If one looks around in male-dominated society, the mourning starts with the birth of baby girl, as she is considered a big liability. Gender discrimination starts from home by girls offered inferior quality food and education. In most of the rural areas girls hardly get a chance to complete basic education. The number reduces drastically in colleges, universities and professional colleges. According to an academician the number of female seeking higher education is on the rise now because many families don’t have boys and girls have to assume the role of ‘sole bread earner of the family’. Another one said that now a boy prefers to marry a working girl because she can help him in fulfilling some of his dreams.

Though, it may look a little divergent, this subscribe recently heard the story of a couple working in one of the leading commercial bank.
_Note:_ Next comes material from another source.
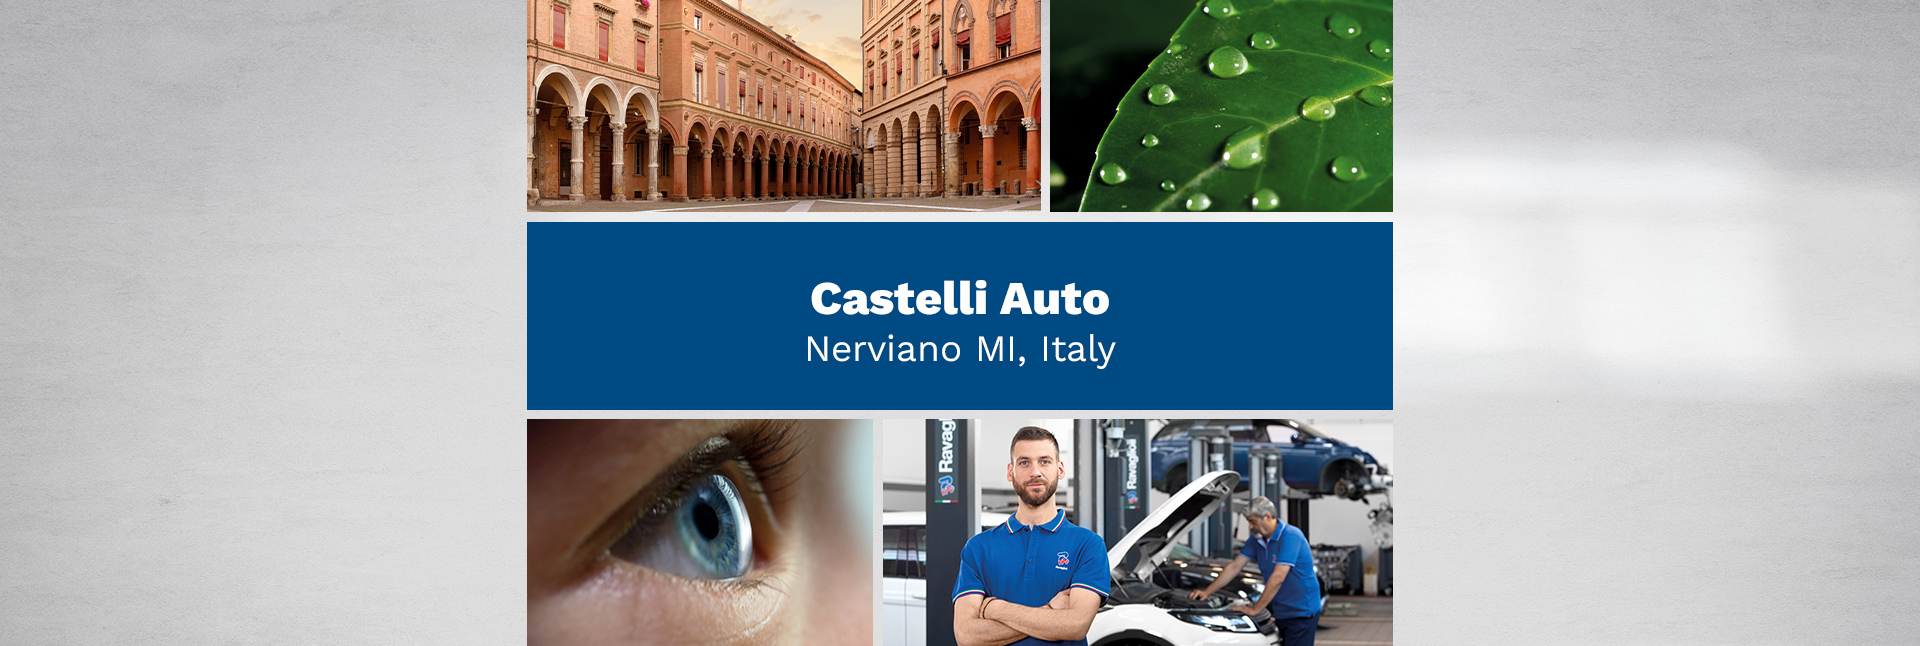 Castelli Auto – Nerviano MI, Italy

Prior to marriage both of them were in the same grade but after the marriage wife got quick promotions and the husband failed in getting the corresponding rise. He got so frustrated that after having strangulated relationships for some time decided to divorce his wife. It was not just a separation but virtually disintegration of a family. The husband refused to provide money for the maintenance of children. The mother is now working as well as taking care of children as ‘single parent’. The husband is also facing hardship as wife’s income is no longer available.

 

It may not be wrong to say that in Pakistan’s corporate sector, there is great resistance against entry of females and their promotion in the hierarchy. Most of the men don’t feel comfortable working under the supervision of a female. They say that it appears that these females are looked down by their families; therefore in the office they are often bitter. A female manager in mid-forties but still a single said, “I have to be a little harsh, against my nature, in order to keep male coworkers at a distance”. She went to the extent of saying, “I have earned this position after very hard work, but at times I feel that I would never get a companion of my choice”.

As stated earlier gender discrimination is common in the corporate world, contrary to the claims of the owners and/or management. According to a Chief Executive Officer (CEO) of a public limited company, “Most of the females prefer to work in ‘number two position’ and refuse to become Head of Department or rise to the position of Chief Operation Officer (COO). Their common complaint is that working in these positions severely affects their family lives and it becomes all the more troublesome if they have to travel within the country and abroad”.

One of a female CEOs of a public limited company showed no hesitation in admitting, “I am able to work long hours and travel extensively only because of the support of my husband and in-laws. My mother-in-law has been taking care of me just like my own mother. Working while the children were young was a bit difficult but she extended all the possible support. Now the children are grown up, but I strongly believe that giving time to my family is one of my major obligations.

According to an expert of corporate affairs, “Many of the public limited companies are dignified ‘proprietorship’ where the owners wish to retain decision making powers with them. In case a female is promoted to the position of CEO, she is a daughter/niece. In many private limited companies the CEO is a female because the owner doesn’t have a son”. He also said, “In Pakistan there is no separation of ownership from management, despite clear regulations issued by Securities and Exchange Commission of Pakistan (SECP). Unless these regulations are implemented in letter and spirit, only the family members will continue to hold the key positions in the corporate sector”.